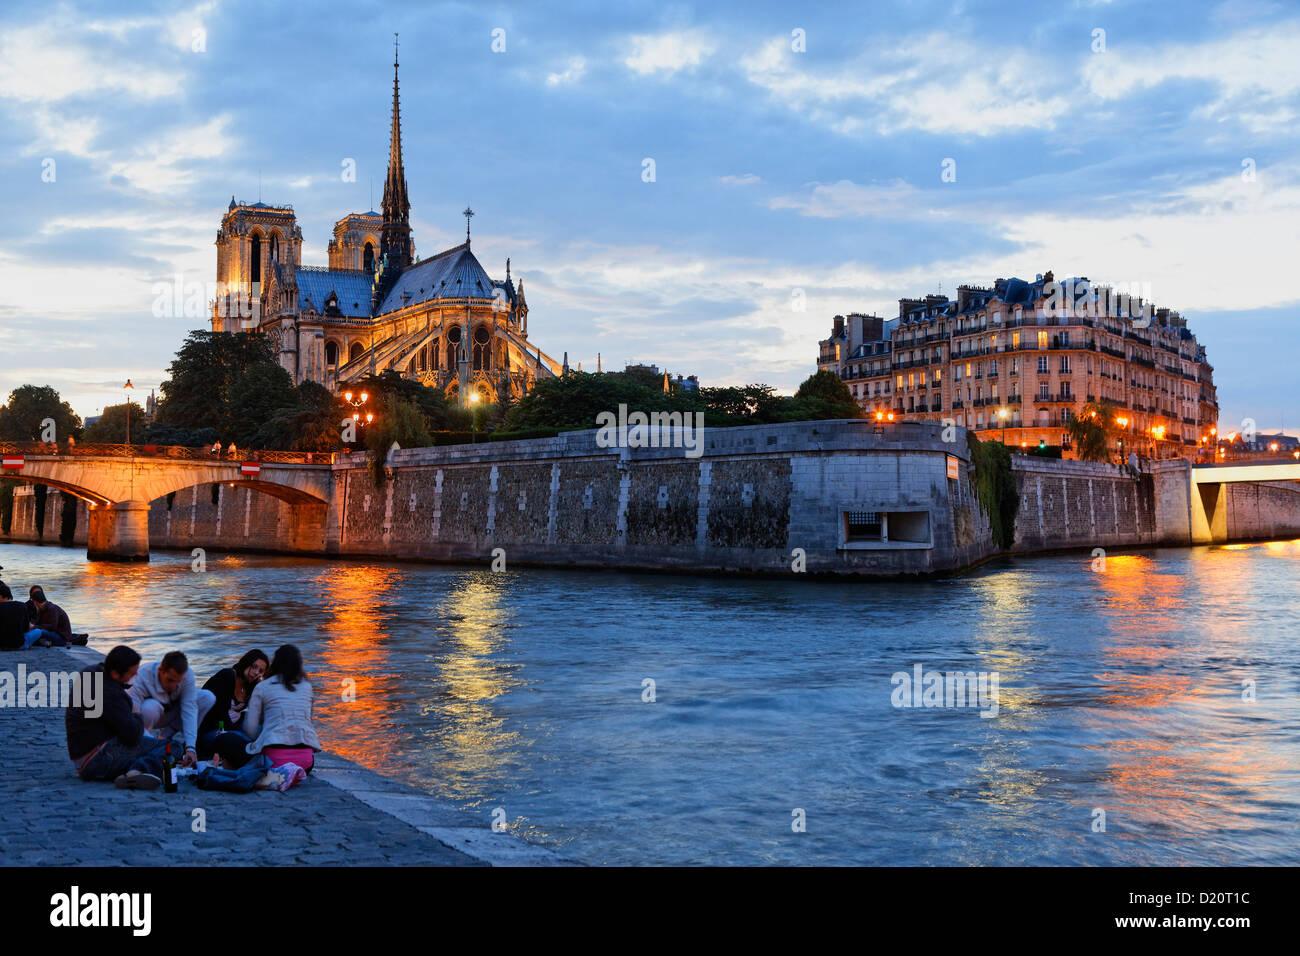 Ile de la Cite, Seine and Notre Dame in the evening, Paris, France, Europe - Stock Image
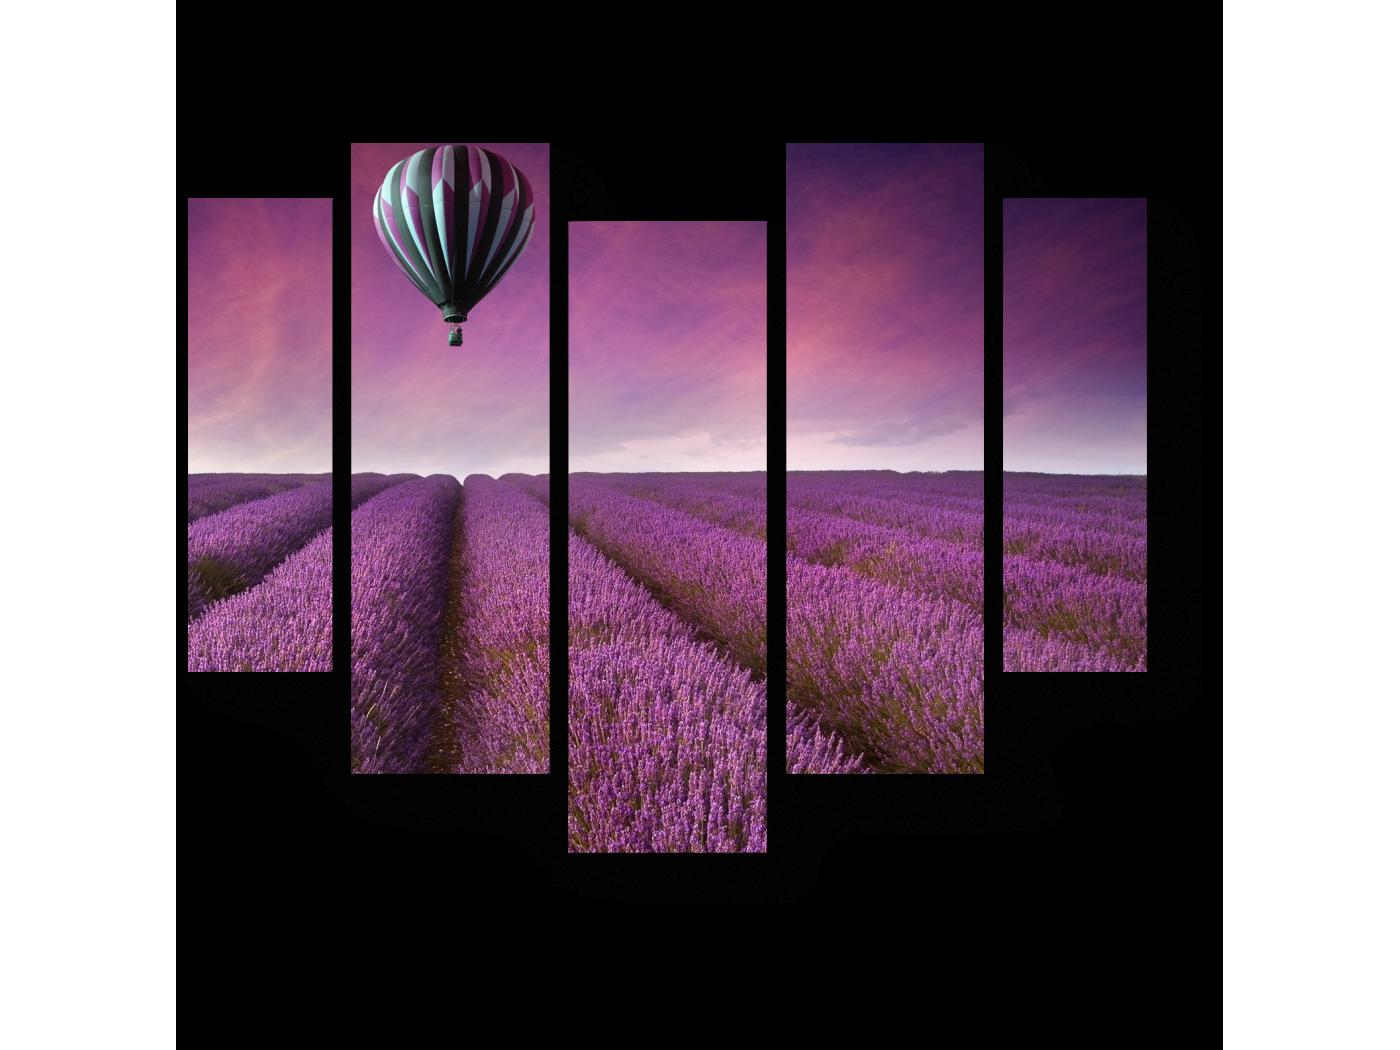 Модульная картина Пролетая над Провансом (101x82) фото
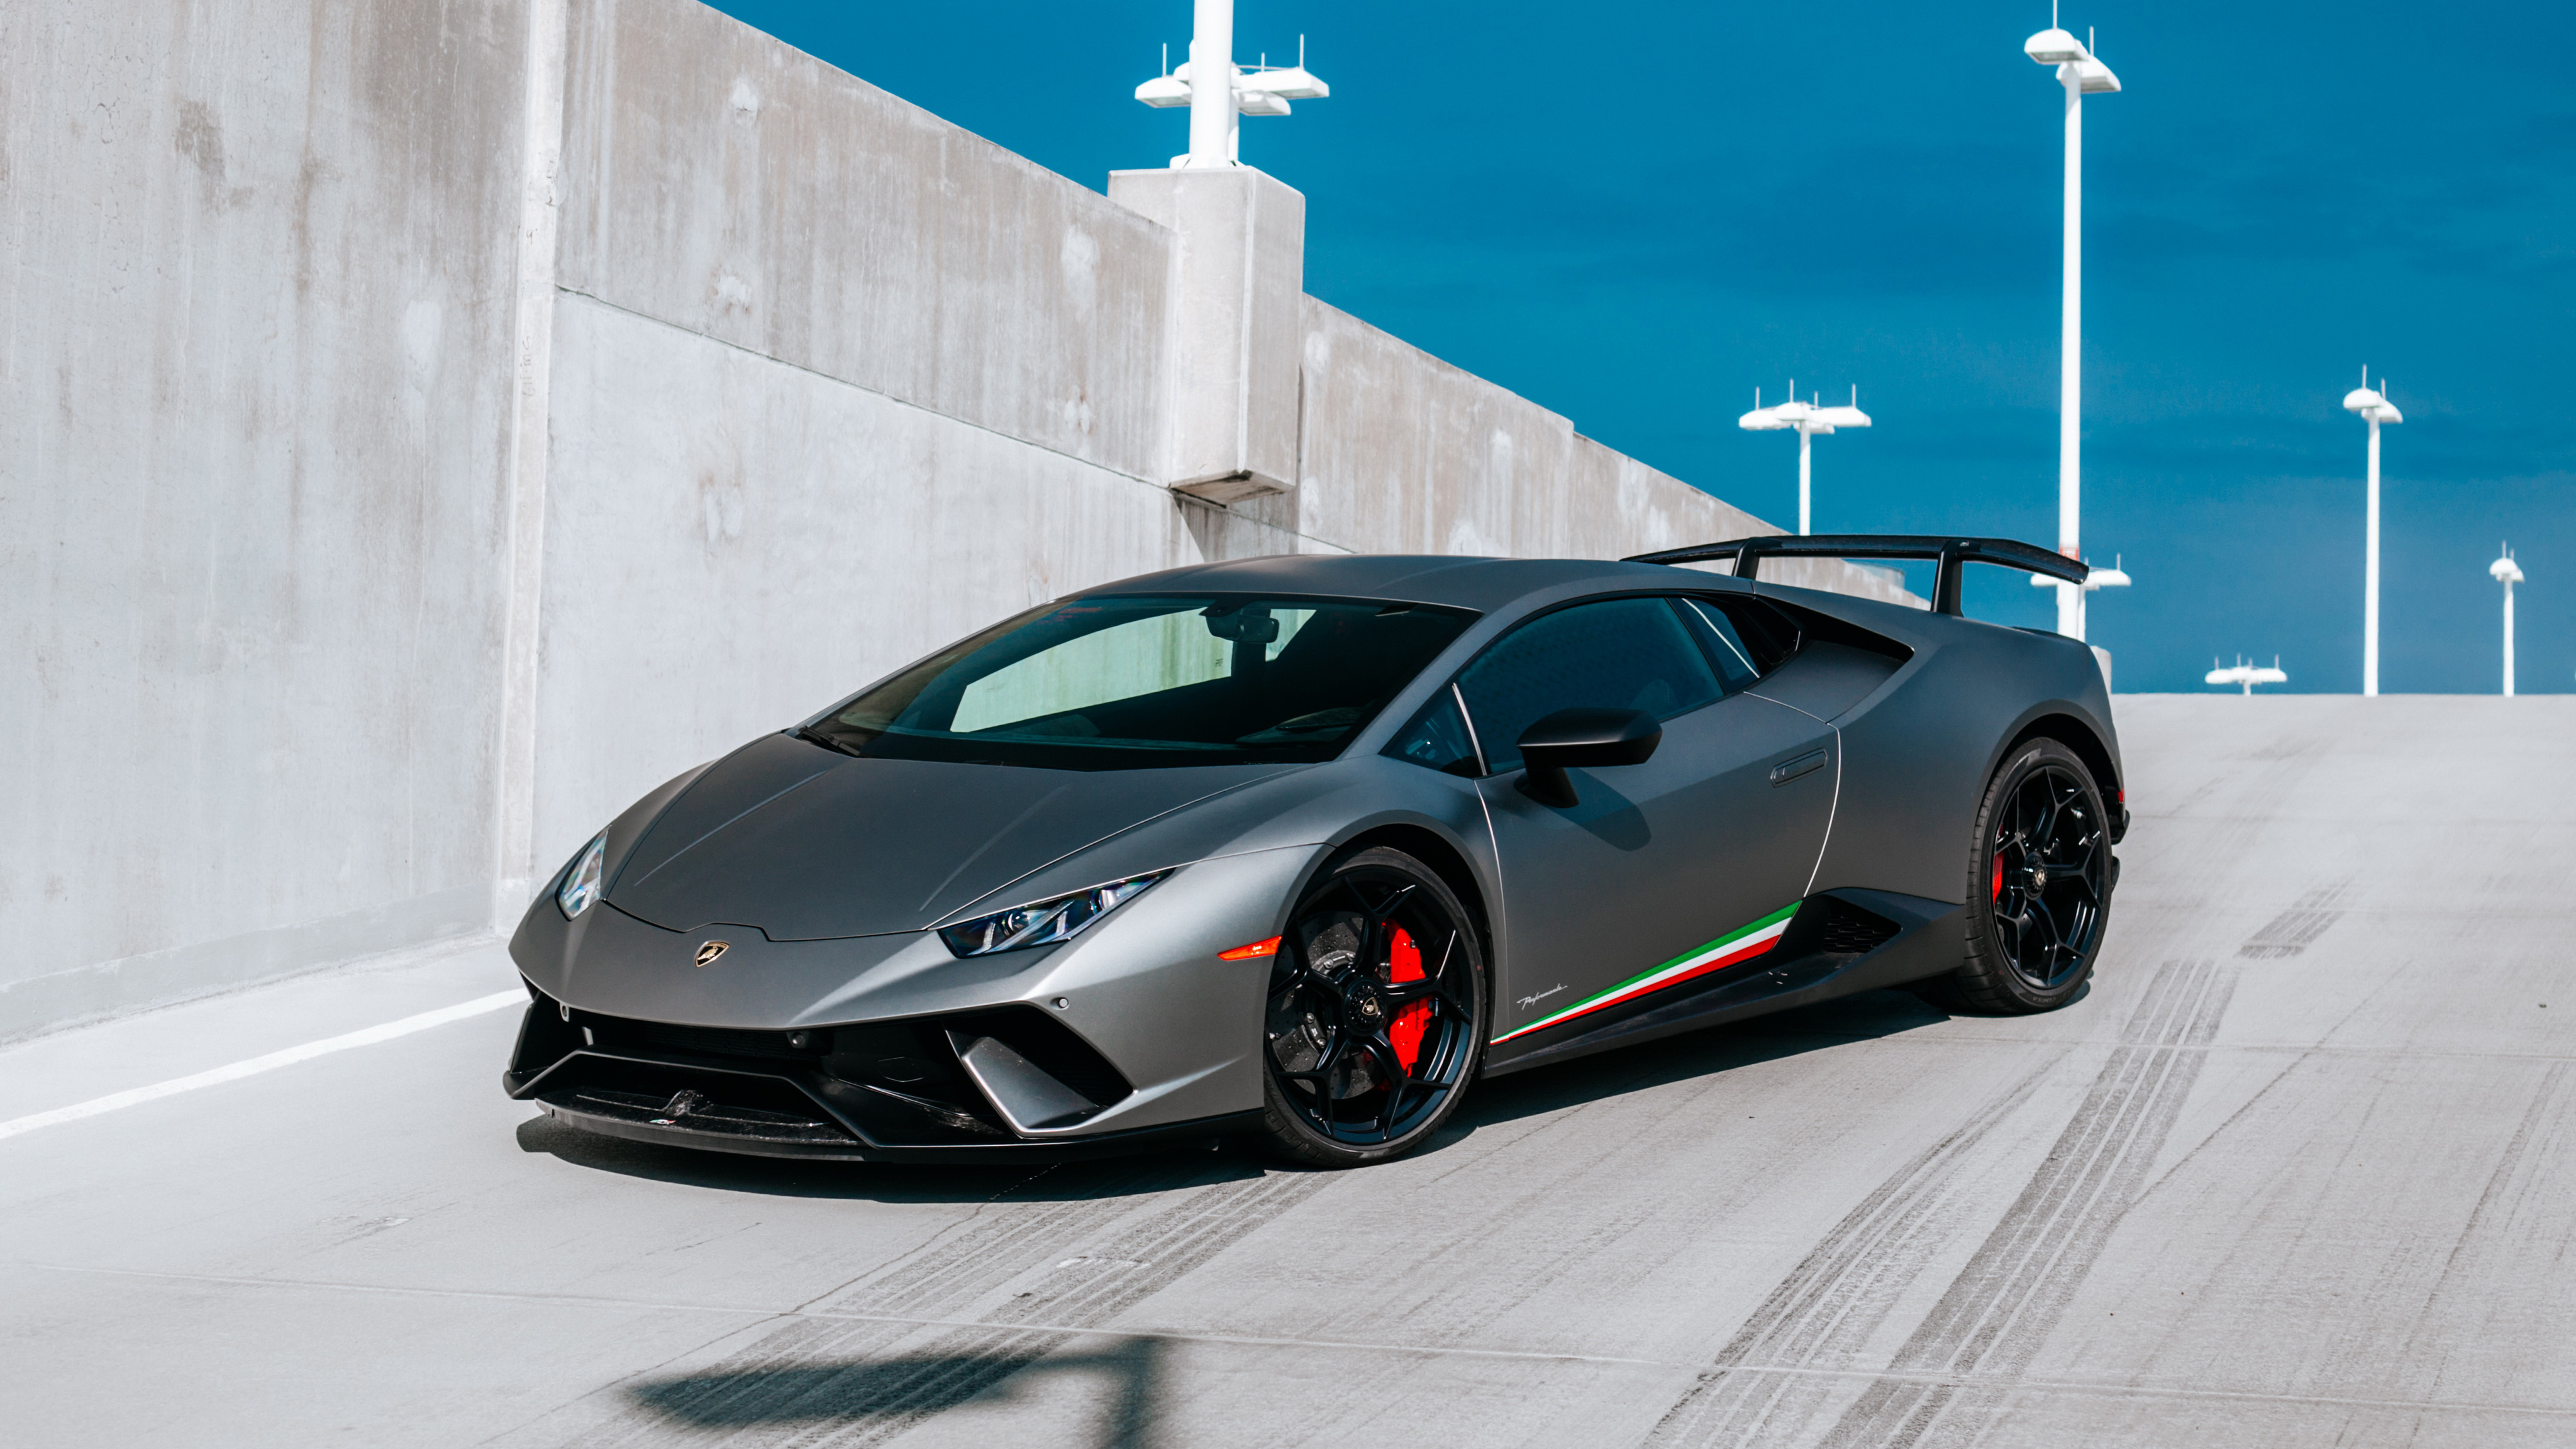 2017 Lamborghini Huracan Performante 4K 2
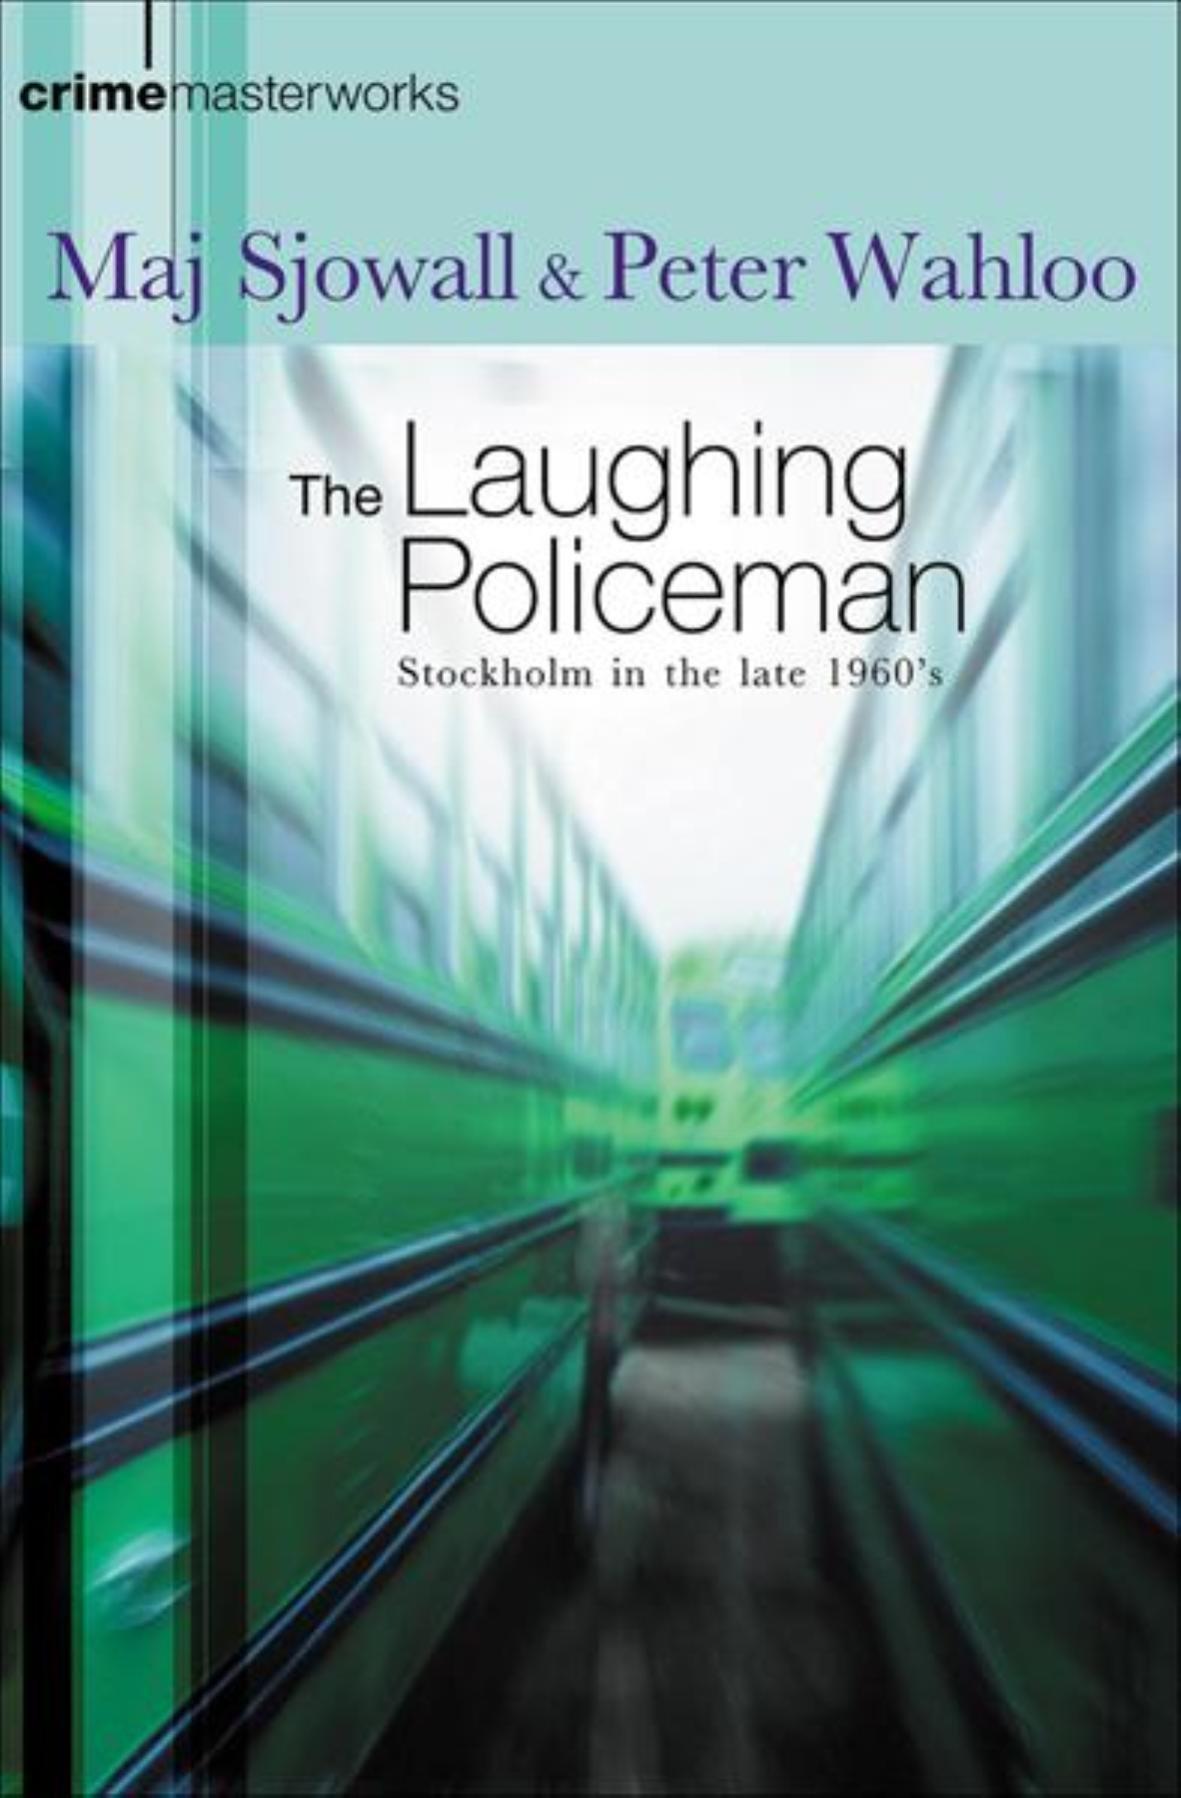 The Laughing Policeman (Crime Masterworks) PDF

## Exercise prompt
Only the lines starting at the one that holds "Модульная картина Пролетая" and ending at the last line of the data belong in your answer. Please set them down exactly and omit the pictures.

## Response below
 Модульная картина Пролетая над Провансом (101x82) фото
 2017 Lamborghini Huracan Performante 4K 2
 The Laughing Policeman (Crime Masterworks) PDF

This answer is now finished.